▸ YOUR GOAL: Write out the listing below character for character, though without its pictures.

▸ GIVEN DATA:
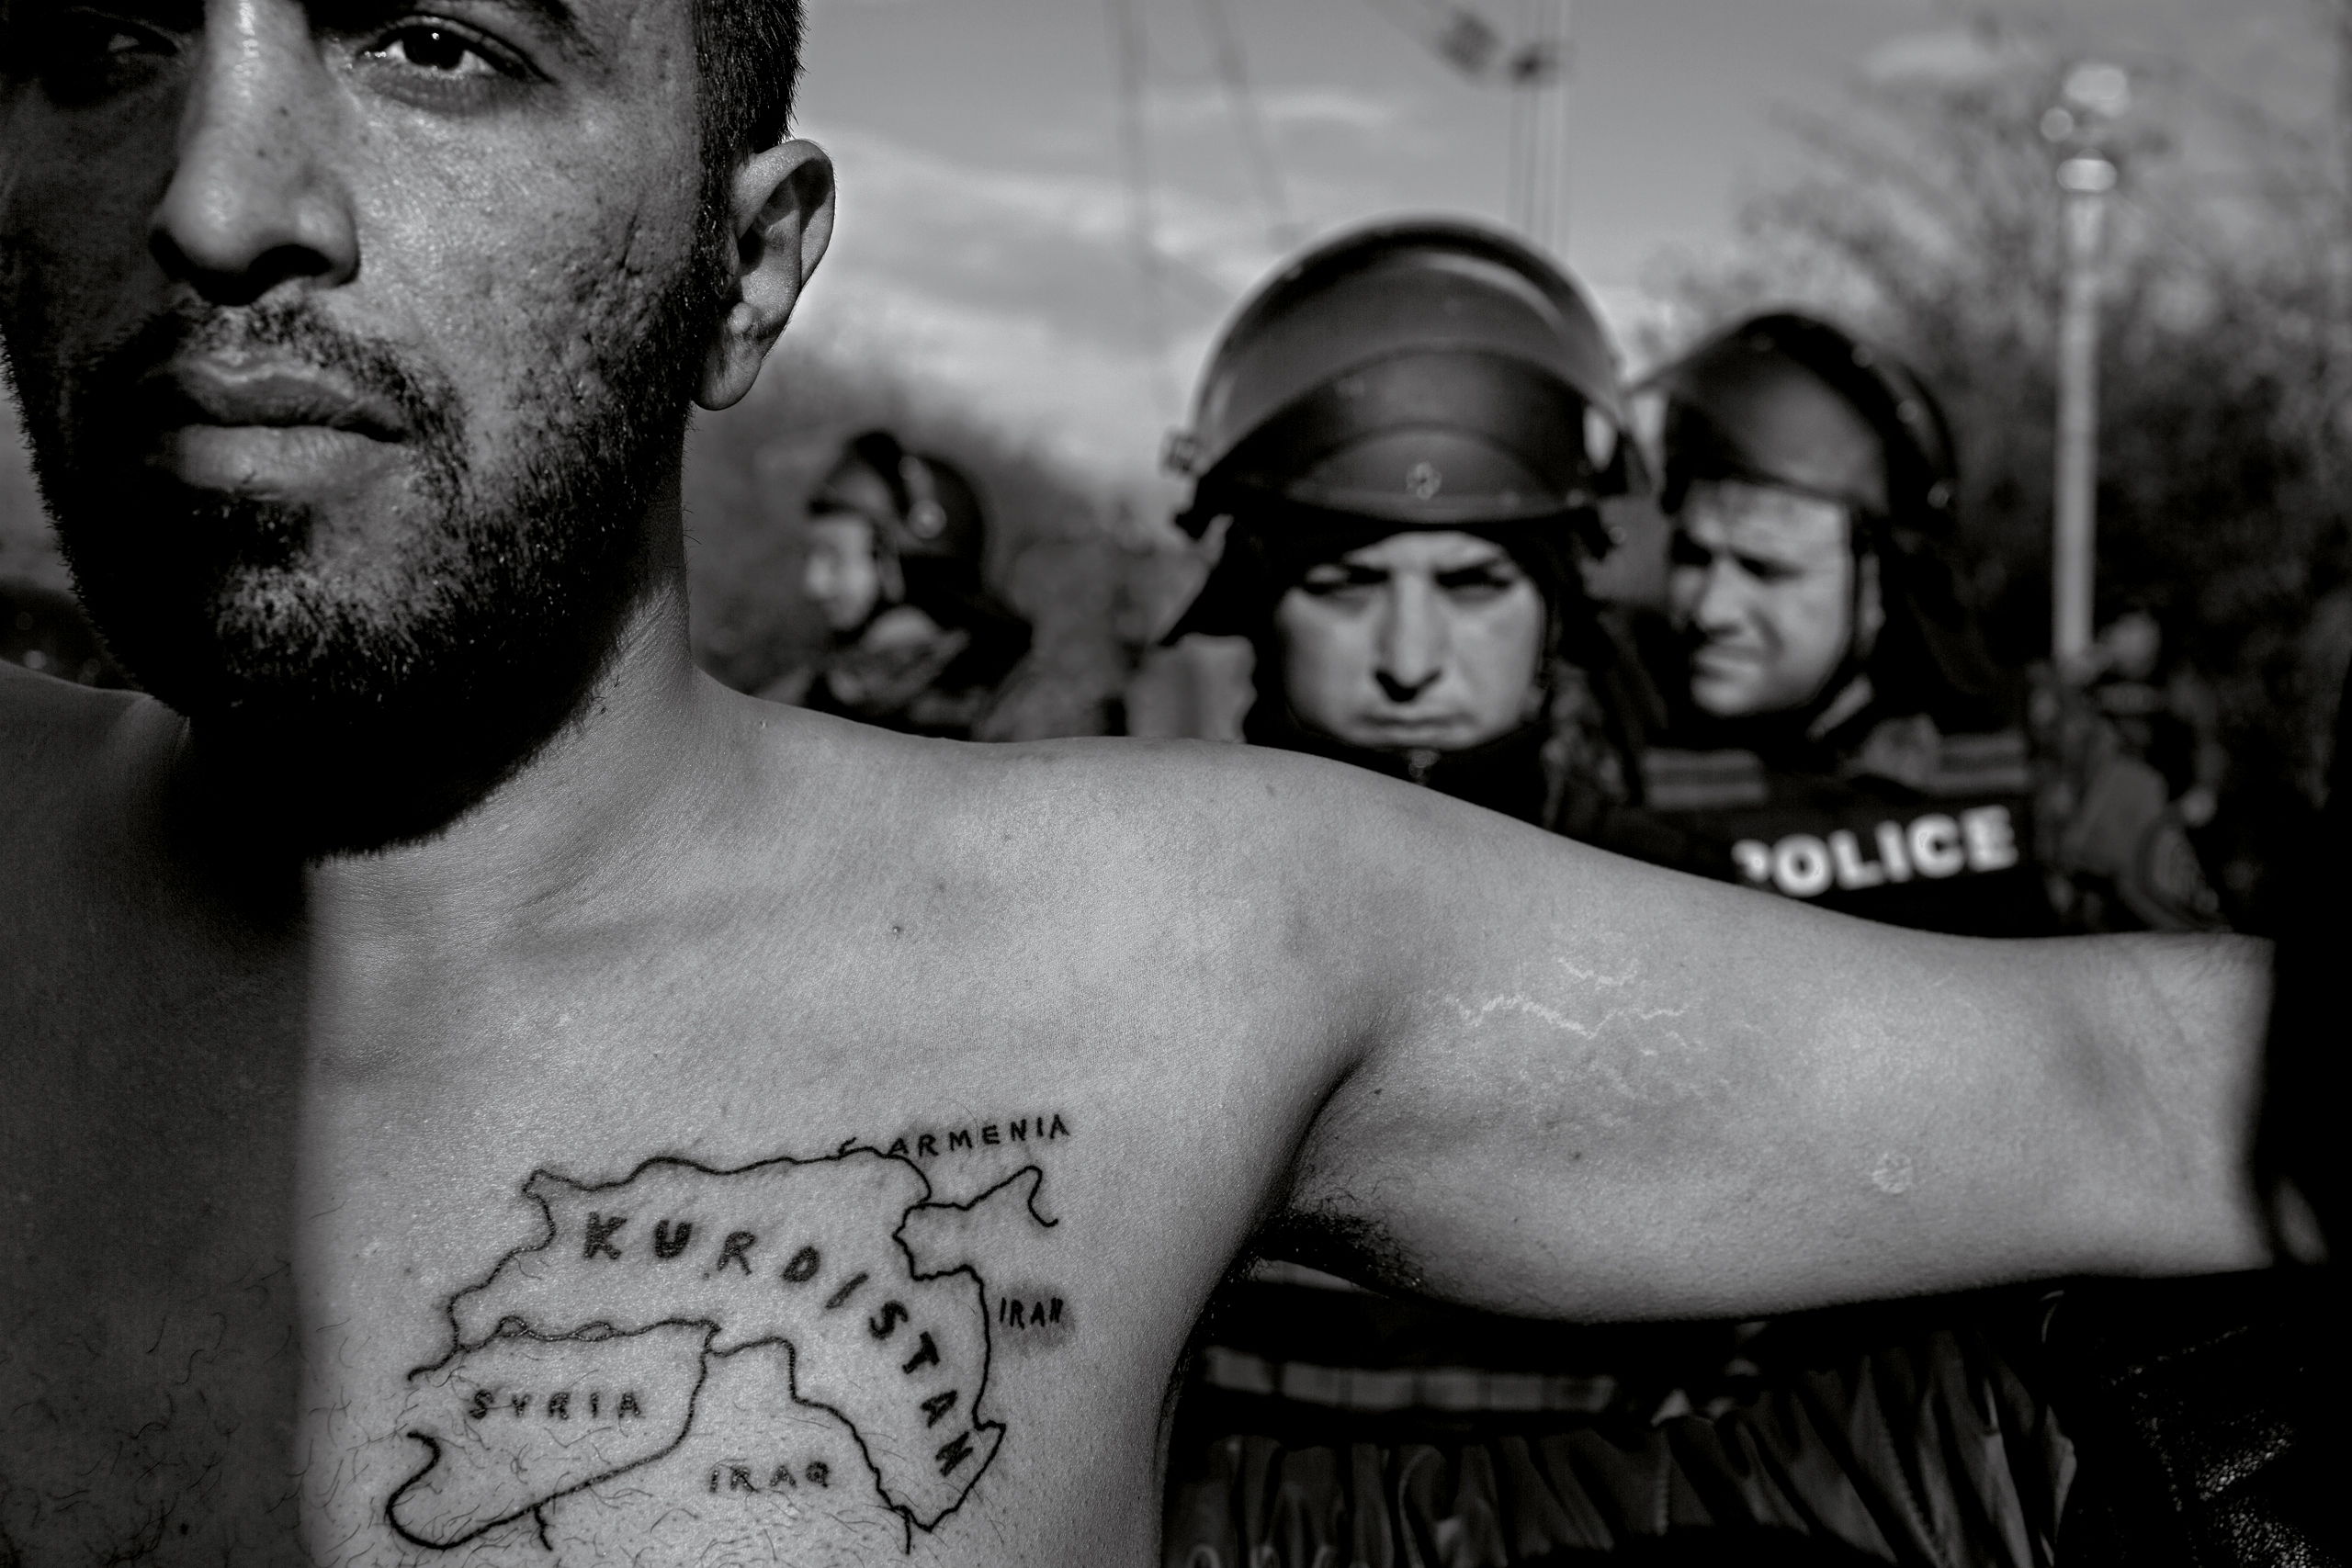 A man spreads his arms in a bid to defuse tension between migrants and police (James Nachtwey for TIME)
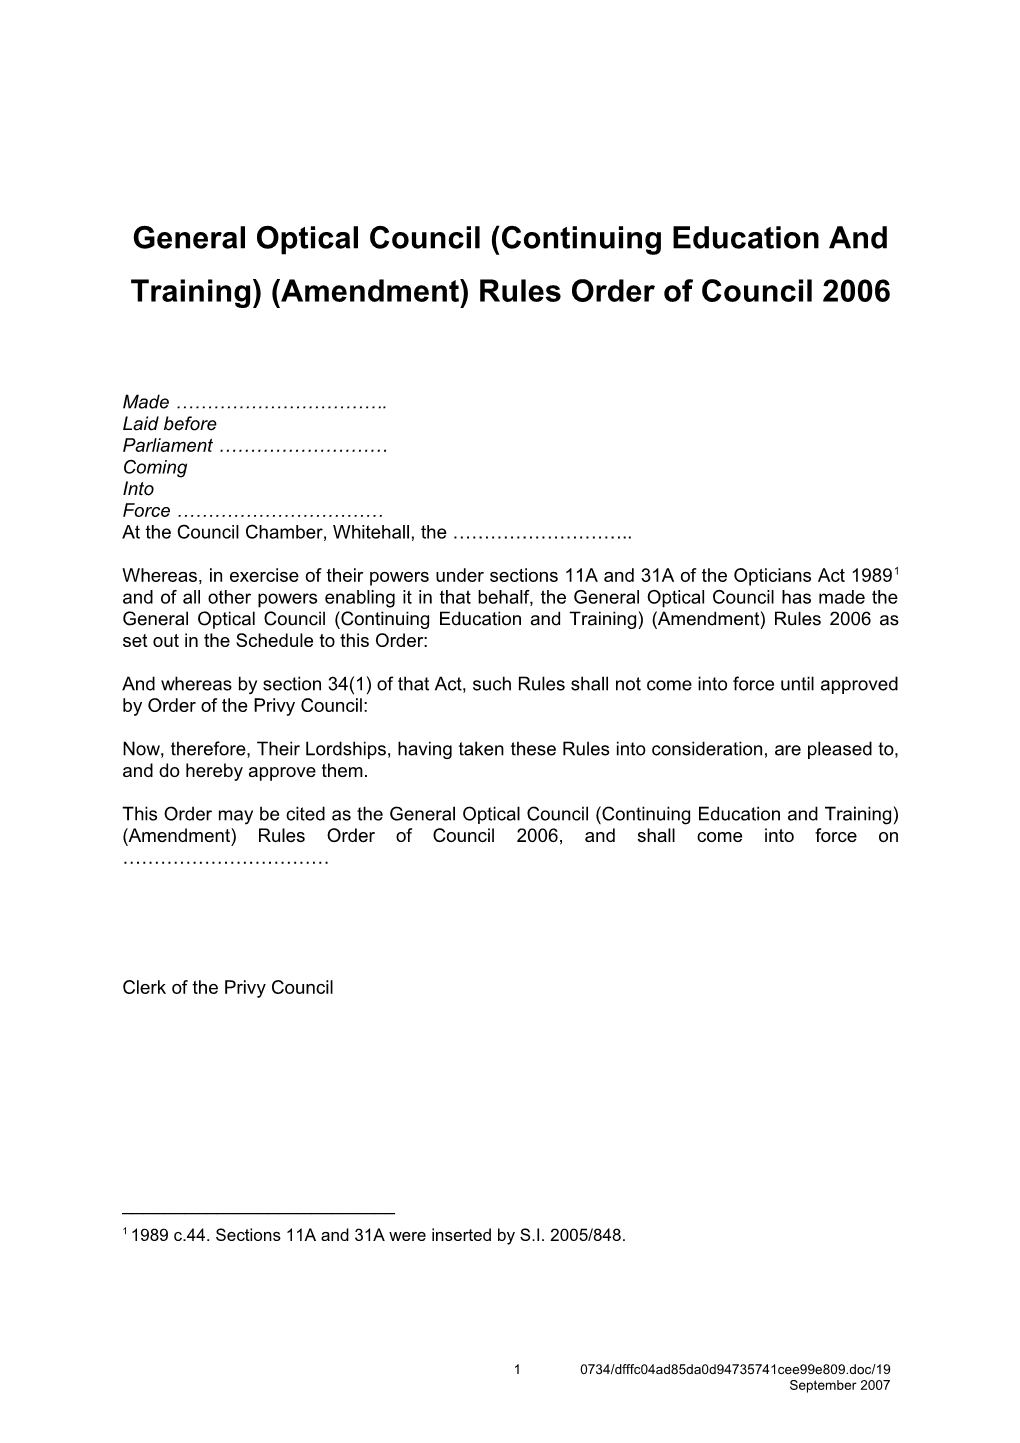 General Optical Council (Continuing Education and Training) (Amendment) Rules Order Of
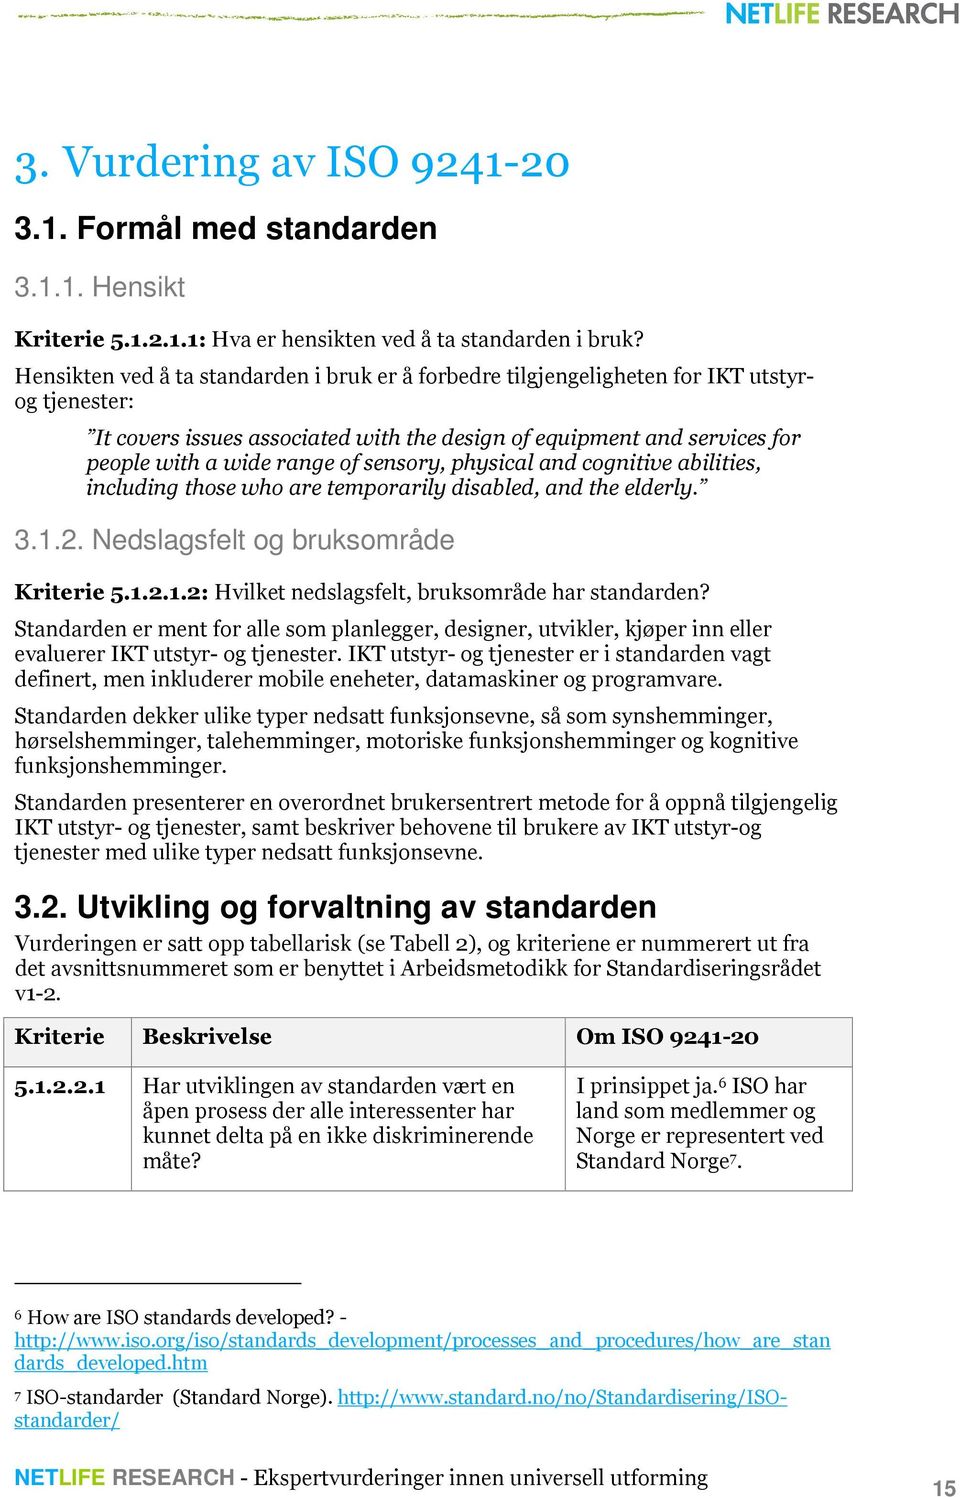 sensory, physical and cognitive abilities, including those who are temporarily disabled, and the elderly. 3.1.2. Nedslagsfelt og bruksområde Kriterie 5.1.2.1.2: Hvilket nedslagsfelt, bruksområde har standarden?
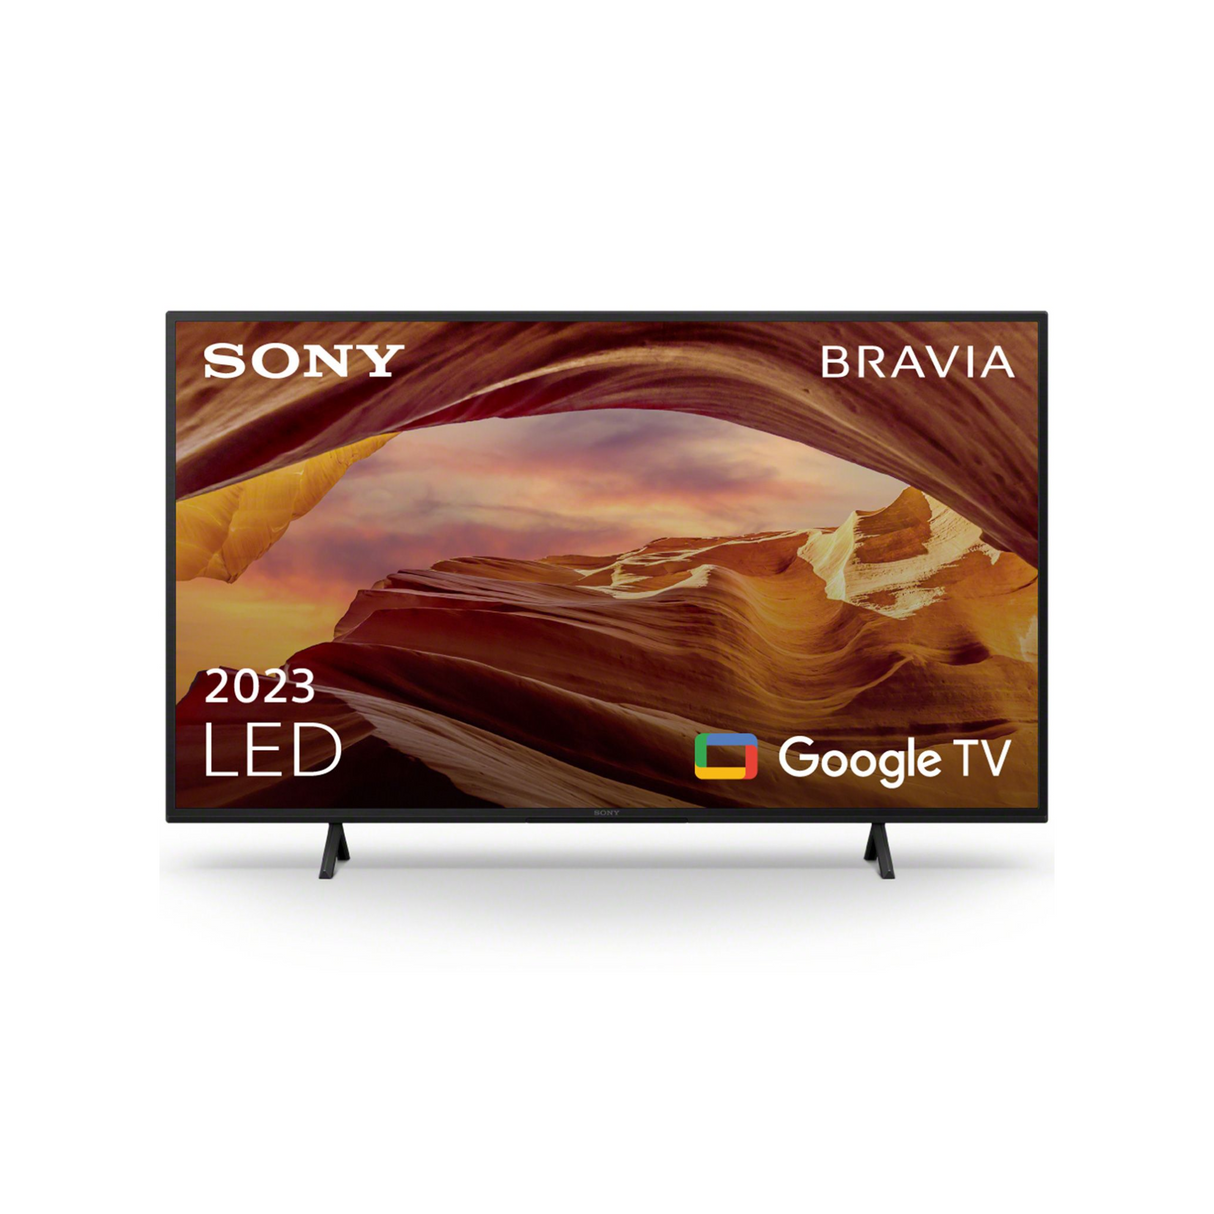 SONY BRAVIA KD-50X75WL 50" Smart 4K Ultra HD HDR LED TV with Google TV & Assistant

▸ RESULT FOR THIS EXERCISE:
 A man spreads his arms in a bid to defuse tension between migrants and police (James Nachtwey for TIME)
 General Optical Council (Continuing Education and Training) (Amendment) Rules Order Of
 sensory, physical and cognitive abilities, including those who are temporarily disabled, and the elderly. 3.1.2. Nedslagsfelt og bruksområde Kriterie 5.1.2.1.2: Hvilket nedslagsfelt, bruksområde har standarden?
 SONY BRAVIA KD-50X75WL 50" Smart 4K Ultra HD HDR LED TV with Google TV & Assistant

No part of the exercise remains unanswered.